The documentary explores this paradox through the Stasi’s own surveillance footage. At face value, the images are unremarkable, almost boring — men, women, and children going about their day-to-day existence. But they reveal obsessive and pervasive spying. “You always had a feeling it existed, but you never really knew what was going on,” said Epperlein, recalling her childhood.
It was this uncertainty that gave the Stasi its power. The question of how many people worked for the Stasi is still unclear. An employee at the Stasi archive told BuzzFeed News that “there is no simple answer.” However, documents show that by 1988 there were tens of thousands of Stasi employees and nearly 200,000 documented informants. That amounts to roughly one spy per 60 citizens, and research suggests that the numbers were much higher, with many more undocumented “information providers” who spied on their coworkers, classmates, neighbors, or friends. You could never be sure if you were speaking in confidence, and for decades it effectively silenced political discussion. If you had something to say, “you would go for a long walk in the woods,” said Epperlein, now in her fifties.
Stasi oppression was “very sophisticated,” pointed out Michael Tucker, Epperlein’s coproducer and husband. “It’s not necessarily the oppression of violence, it’s so subtle, it’s so in everything.” Epperlein agreed. For her, “One thing that surveillance achieved back then and achieves now is it erodes trust.”
In the film, Epperlein’s mother, Christa, discusses the possibility that her husband had been an informant and says, “I’m a little afraid...If you learn that someone who you trusted did something. That’s difficult. That’s why I always thought, rather not know.” The specter of pervasive surveillance opened up even the most intimate relationships to suspicion. While Christa hid from dark questions about her husband, Epperlein distrusted her father. “Everything is possible and you never know what was really going on,” she recalled. “We were kids and you never really know your parents. I was pretty much ready for everything.”
The product of that surveillance is now archived and available to the public through records requests. There have been more than 7 million such inquiries since 1991. Out of the shadows and subject to careful oversight, the records are oddly quaint — analog and organized by an extensive card catalog. On microfiche, one of the archivists observes in the film, the images of envelopes intercepted and opened by the Stasi look like miniature houses.

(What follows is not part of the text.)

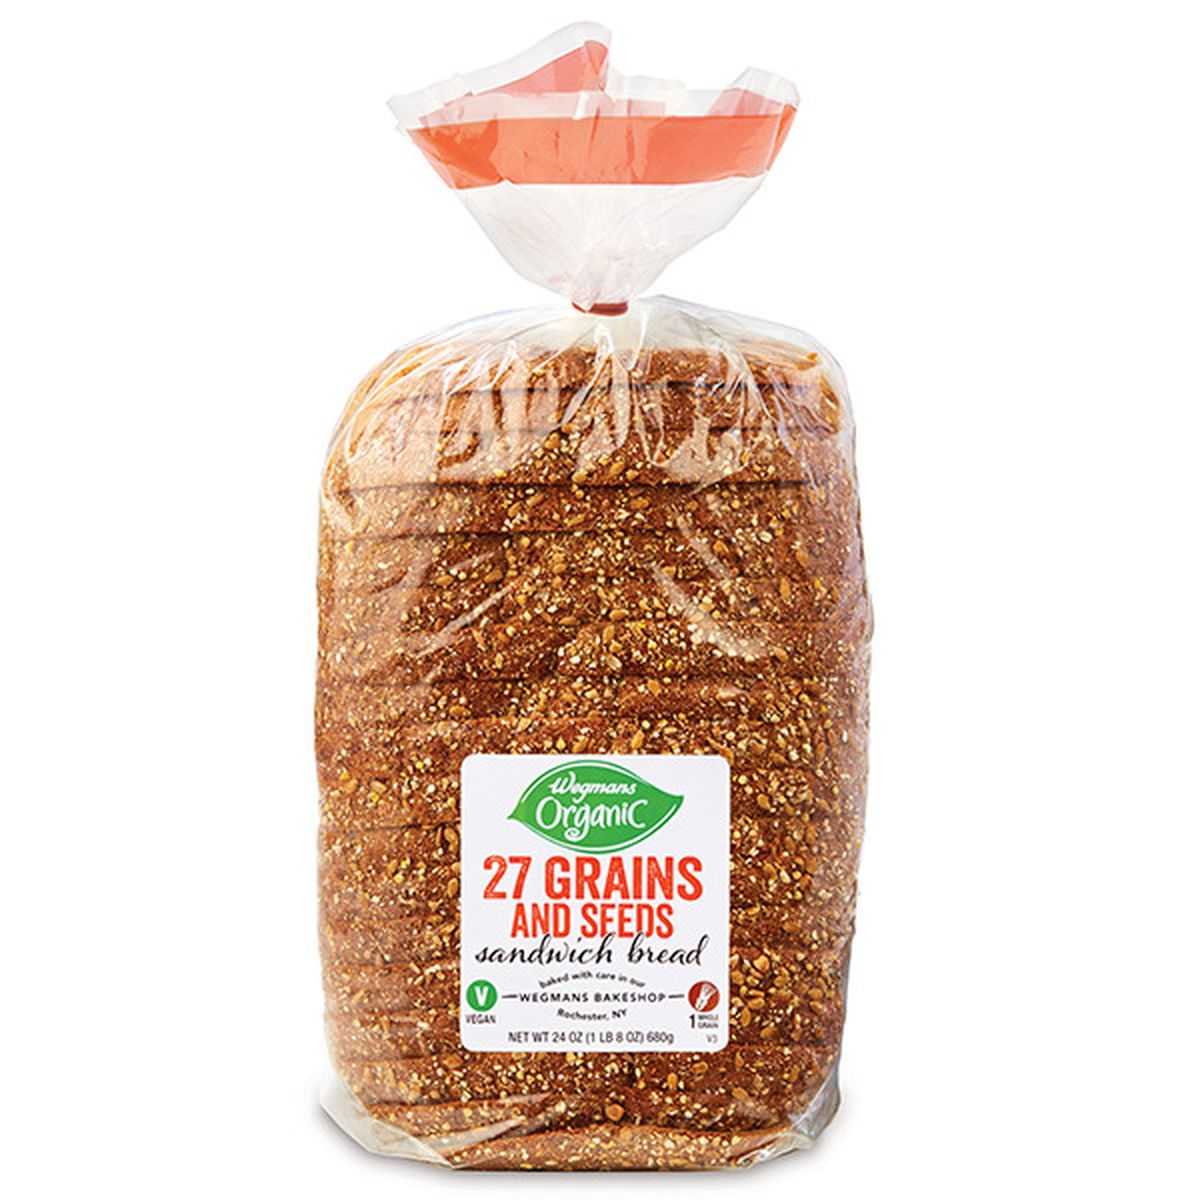 Calories in Wegmans Organic 27 Grains and Seeds Sandwich Bread

The records are so extensive, however, that the materials, including photographs, video and audio recordings, and 41 million index cards, would stretch 68 miles, roughly equivalent to the width of New Jersey. “One of the interesting things is how much of the information they collected was complete nonsense,” Tucker observed. “There’s a certain madness in it. How much can you collect before it’s ridiculous?”
It took four years for Epperlein to receive her father’s records. Ultimately, the records show that Epperlein’s father was not an informant. In fact, the file reveals the Stasi regarded his political views as suspicious and that his boss reported on his activities, along with details about the family life. “This is bitter,” Epperlein’s mother says in the film. It’s “an invasion of privacy at a level I did not expect,” Epperlein said in the interview.
While the file doesn’t answer the question of why Epperlein’s father decided to kill himself, knowing that he was not an informant has given the family closure. When Epperlein finds the picture of the protest in the film, the narrator observes that Stasi surveillance shows her father as the man she always knew him to be. “It kept a record of my life for me,” she told BuzzFeed News. Of course, she also pointed out, “it comes back to trust.”
In the quarter century since the Wall came down, it has become commonplace for many people to share intimate details of their lives on social media. Reflecting on our current environment, Tucker said, “We don’t have any barriers on privacy anymore, we all want attention, that’s how we get our status.”